Julienne Salad Days

By Mark Anderson

My family and I are heading to France (with a few days in Italy) at the end of the month for spring break. I spend the vast majority of my outdoor climbing days working redpoint projects, but on this trip I expect to focus on climbing routes first go, so I’ve spent the past few weeks tuning up my fitness accordingly and practicing on-sighting. All the crags on our itinerary are limestone, so we made a point to visit Shelf Road to climb on similar stone (albeit of much, much lower quality–or so I hope).

Earlier in the winter I bolted 4 routes (and a linkup) on a nice cream-colored panel of rock in the “Tropical Wall” sector of Shelf’s North Gym, which offered the perfect objective. Granted, these would not technically be on-sight attempts since I had rapped all the routes while bolting them. However, I don’t really possess the capacity to remember the details of four random lines I bolted a few months ago, since all my memory banks are filled to the brim with song lyrics and movie quotes. So I expected it to provide good practice nonetheless.

The main feature on the wall is a 3-feet-deep roof about halfway up. Four of the five lines involve this obstacle in some way. The first line I tried (“Booty Sweat”) follows a fairly continuous crack system that skirts the left side of the roof with powerful underclings (for the grade). While basically a crack climb, there are a lot of nice pockets sprinkled around to spice things up.

Shaking out below the undercling roof exit on Booty Sweat, 5.11b. Photo Amelie A.

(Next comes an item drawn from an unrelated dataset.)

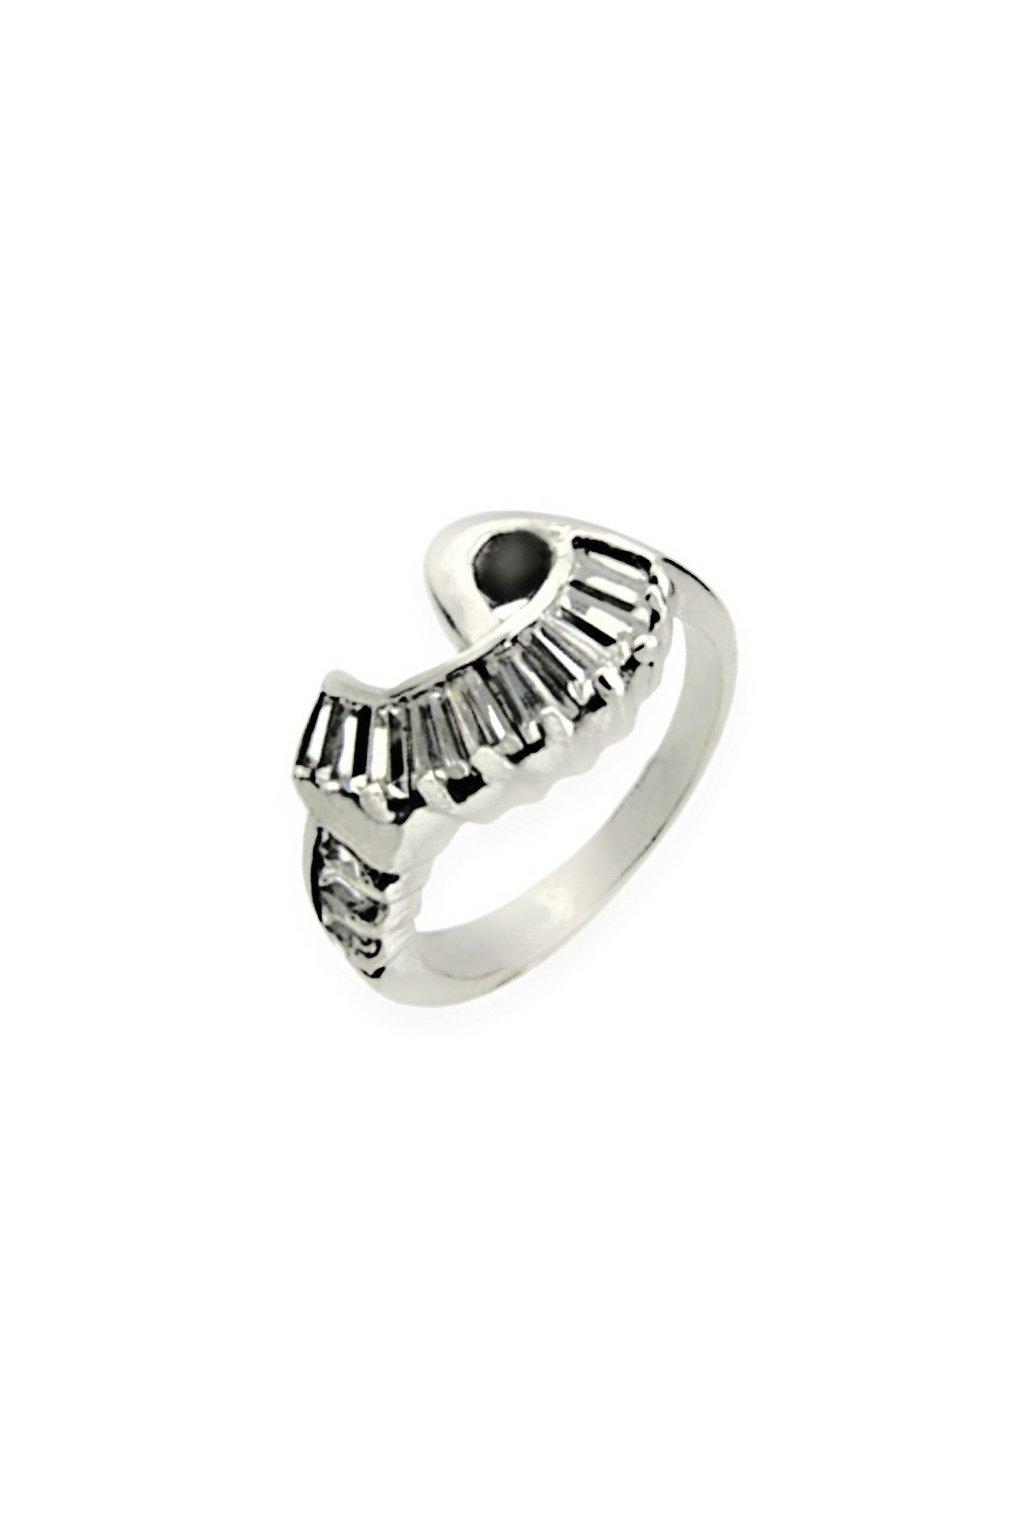 Skalimar Prsten z chirurgické oceli LUXUSNÍ ŠPERK S KŘIŠŤÁLY 312453

The most intimidating line on the wall climbs out the center of the roof. Thanks to a few sinker pockets I climbed fairly easily up to a good shake at jugs below the ceiling. Just as I arrived, Amelie announced she needed to pee and she couldn’t hold it. Fortunately there was a bolt right at my waist, so I clipped a loose sling straight in to the bolt so Kate could help Amelie. This gave me plenty of time to contemplate the imposing obstacle above. Once I was properly on belay again, I charged up to the lip and groped my right hand over to a shallow 4-finger dish. I couldn’t see an elegant way to get established over the lip, so I coiled and hucked my left hand for what appeared likely to be a big jug. It was, and I stuck it, but it was incredibly prickly. My feet swung out wildly as I stuck the jug, and Kate shouted up “that was sick!”, which is incredibly rare—usually she is completely and justifiably unimpressed by my climbing antics (having seen the sausage being made, so to speak). I replied with, “what’s sick is what happened to the skin on my hand.” My palm was torn up and bleeding in a few places, but it turned out to be nothing serious, just enough to warrant the name “More Shredded Than A Julienne Salad.”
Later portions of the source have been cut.